╭──

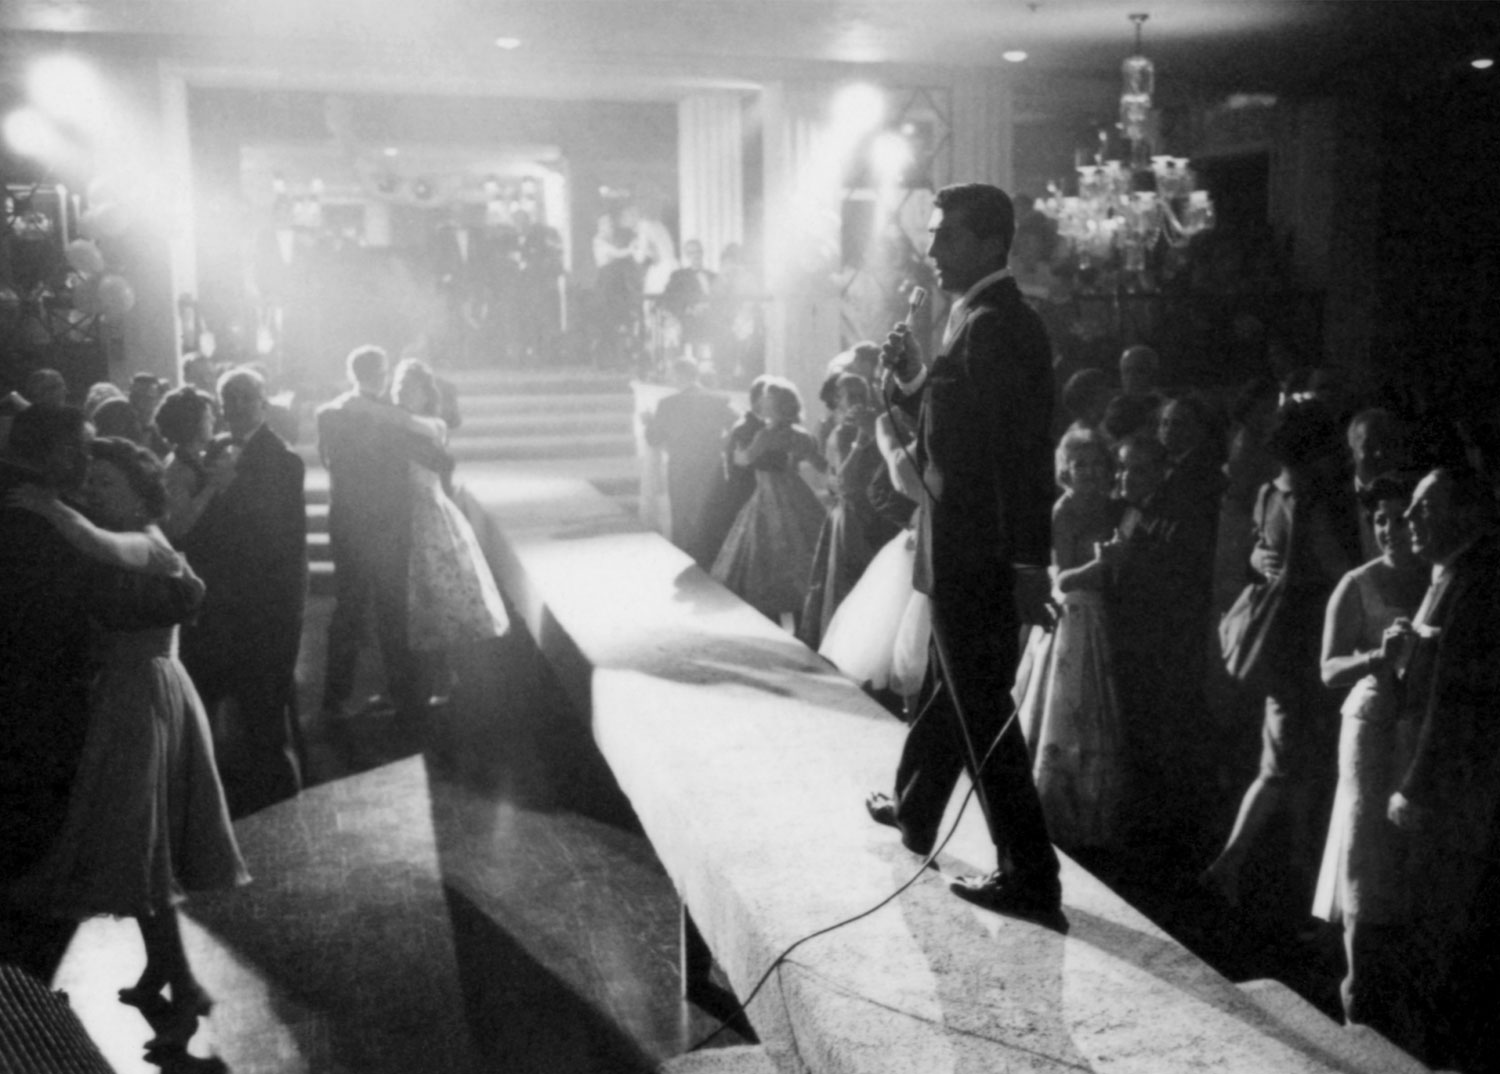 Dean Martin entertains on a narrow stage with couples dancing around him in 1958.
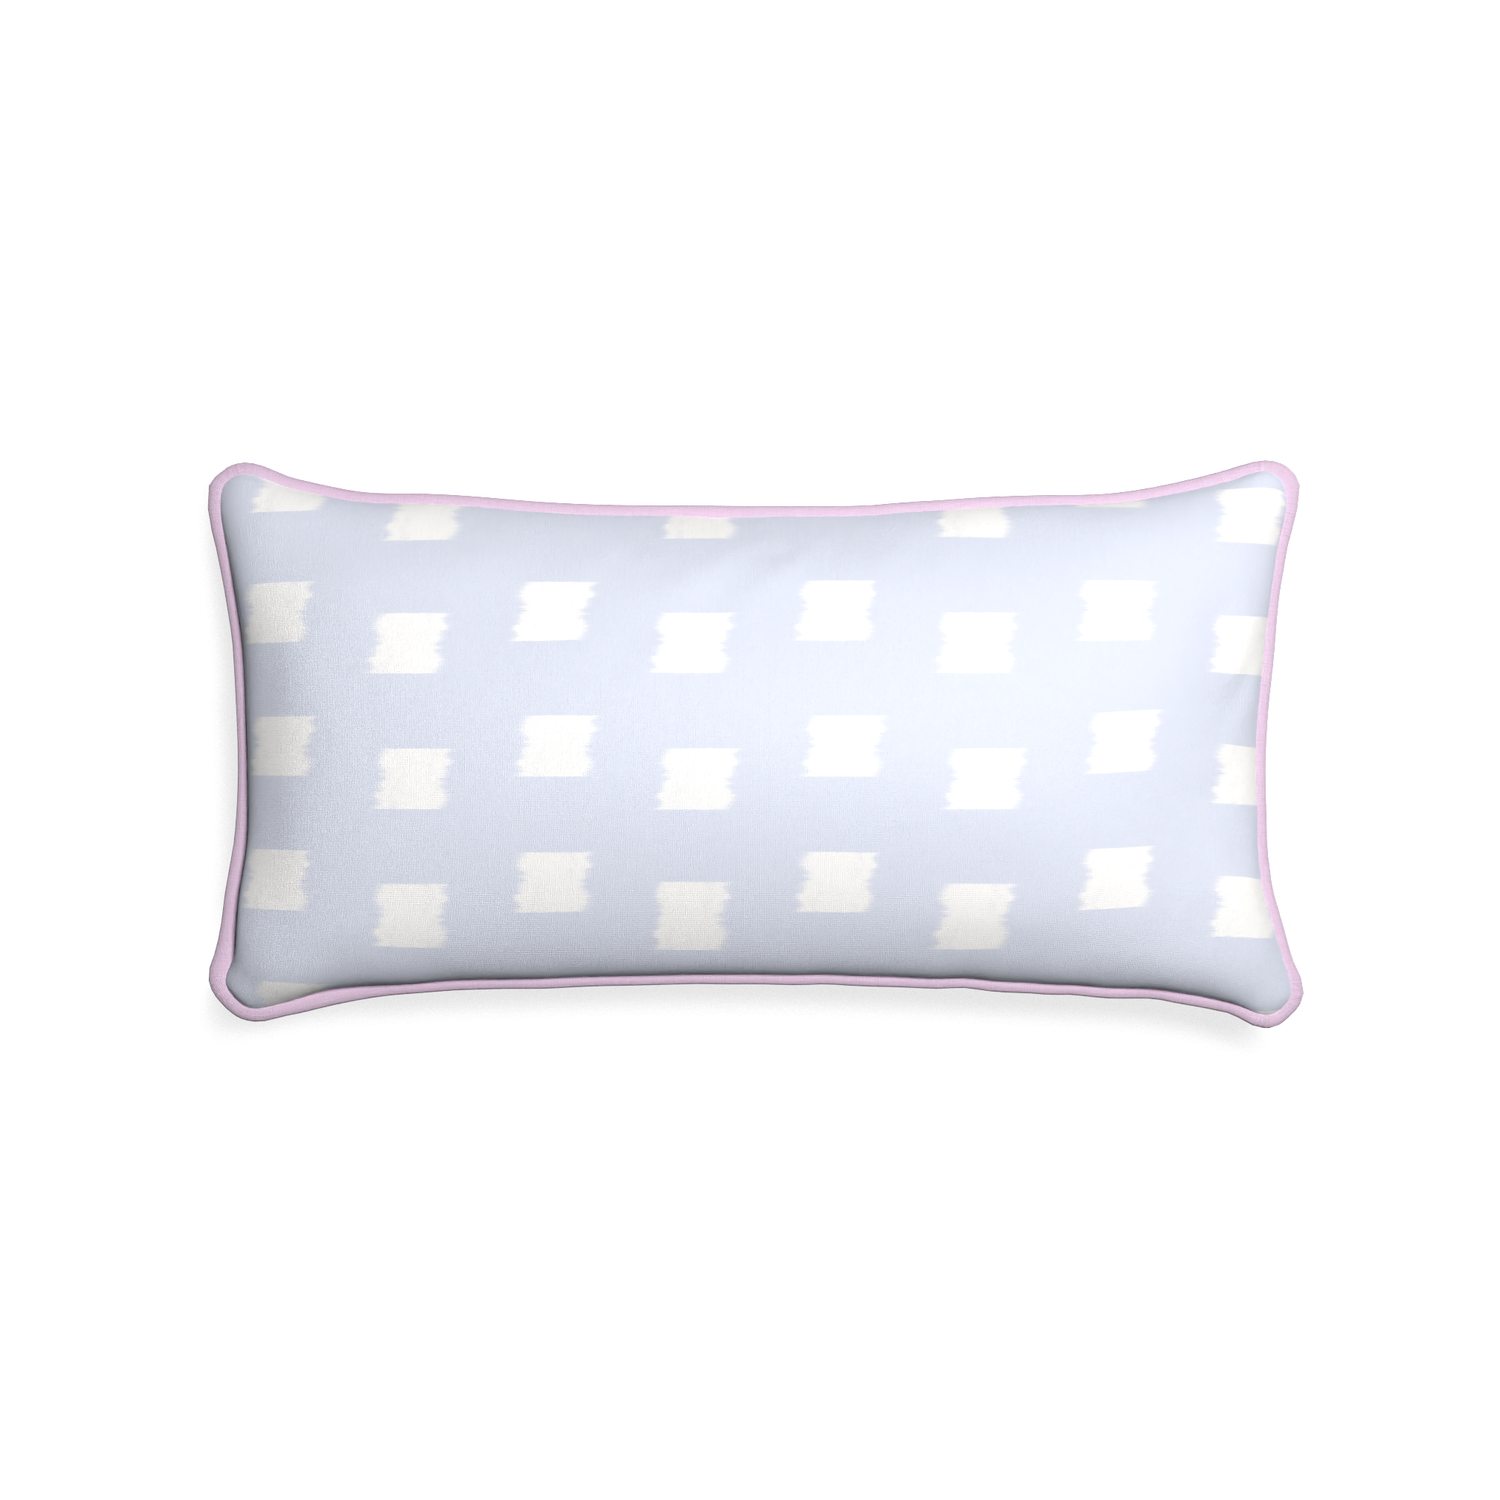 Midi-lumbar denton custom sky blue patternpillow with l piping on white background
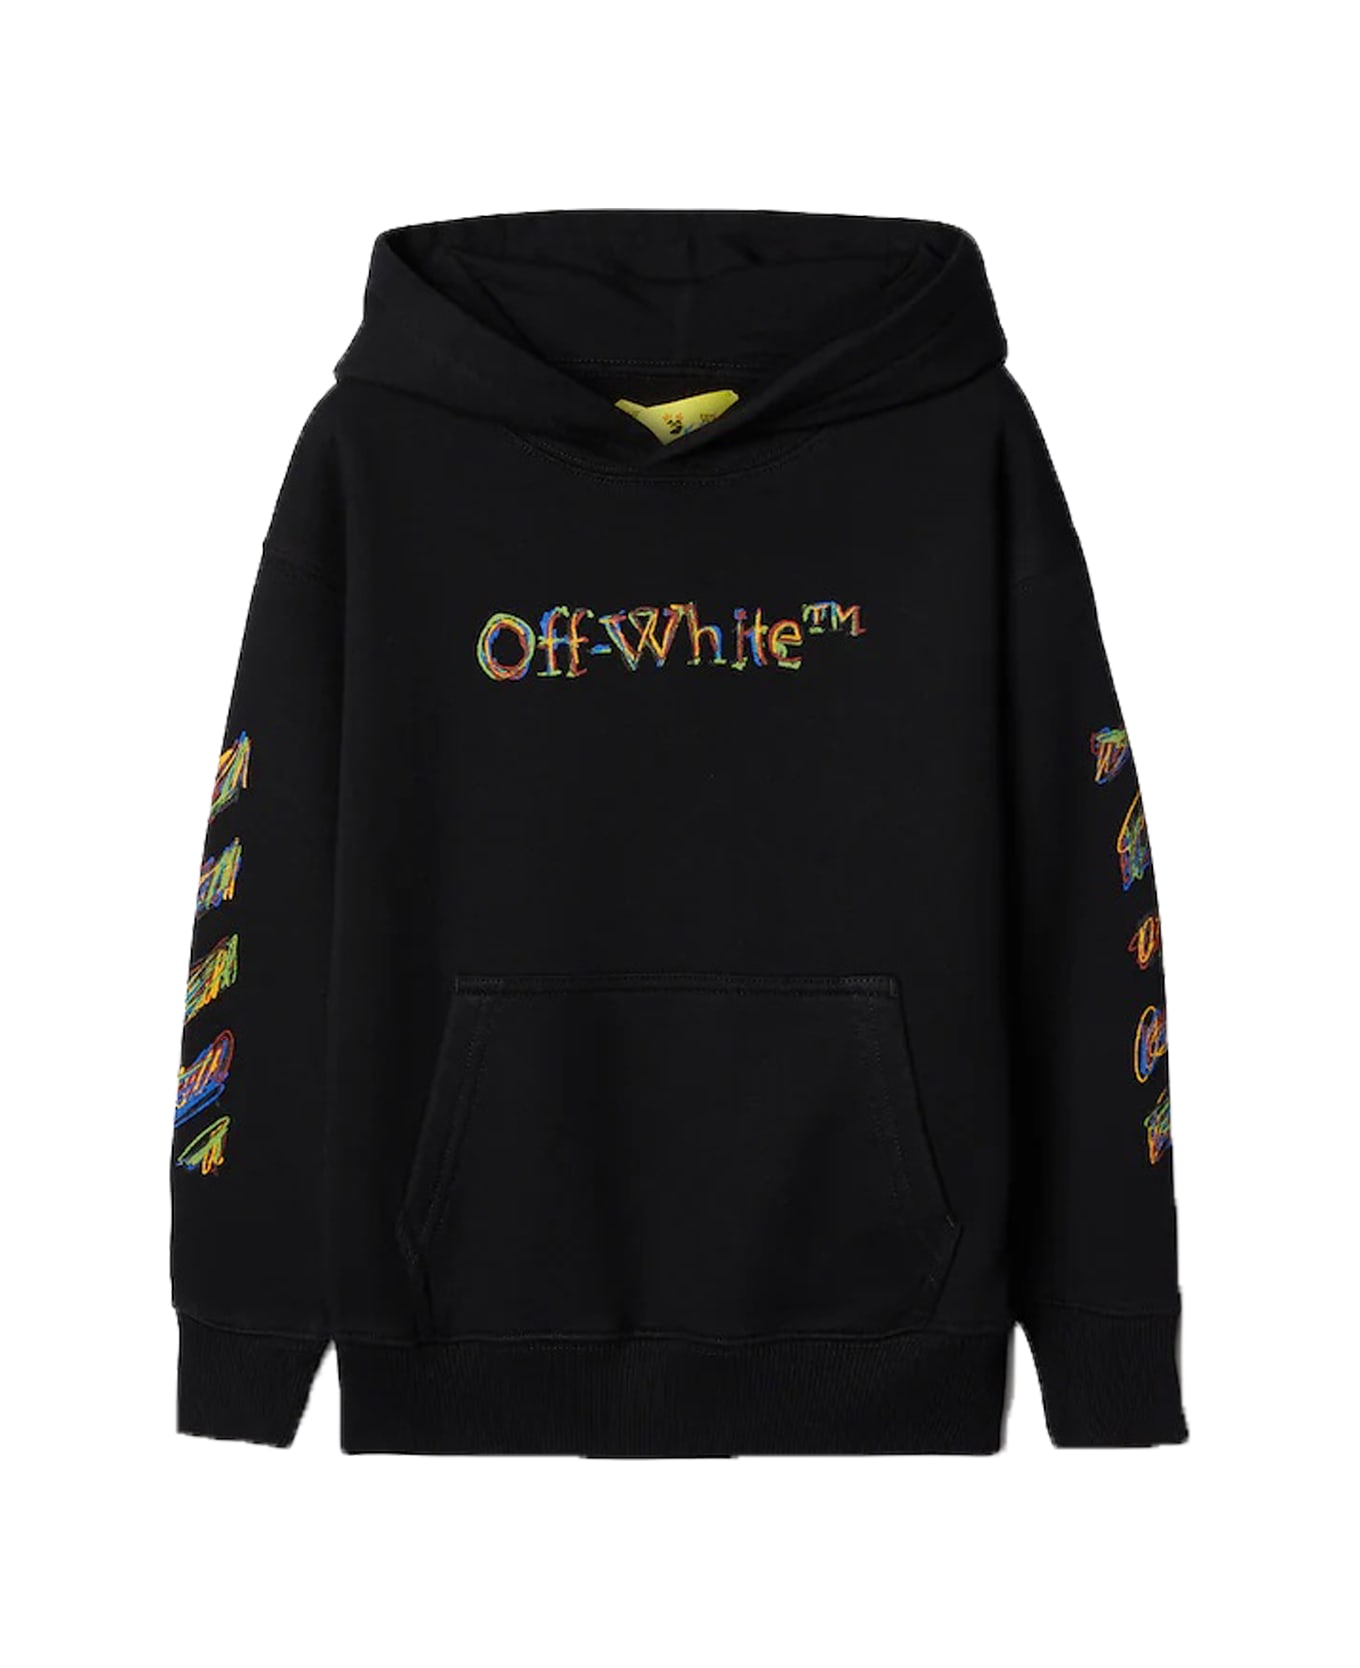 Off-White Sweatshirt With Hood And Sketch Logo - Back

╰──

PROBLEM TO SOLVE:
The finished copy should match the data above word for word and contain no pictures.

SOLUTION TO THE EXERCISE:
 Dean Martin entertains on a narrow stage with couples dancing around him in 1958.
 Midi-lumbar denton custom sky blue patternpillow with l piping on white background
 Off-White Sweatshirt With Hood And Sketch Logo - Back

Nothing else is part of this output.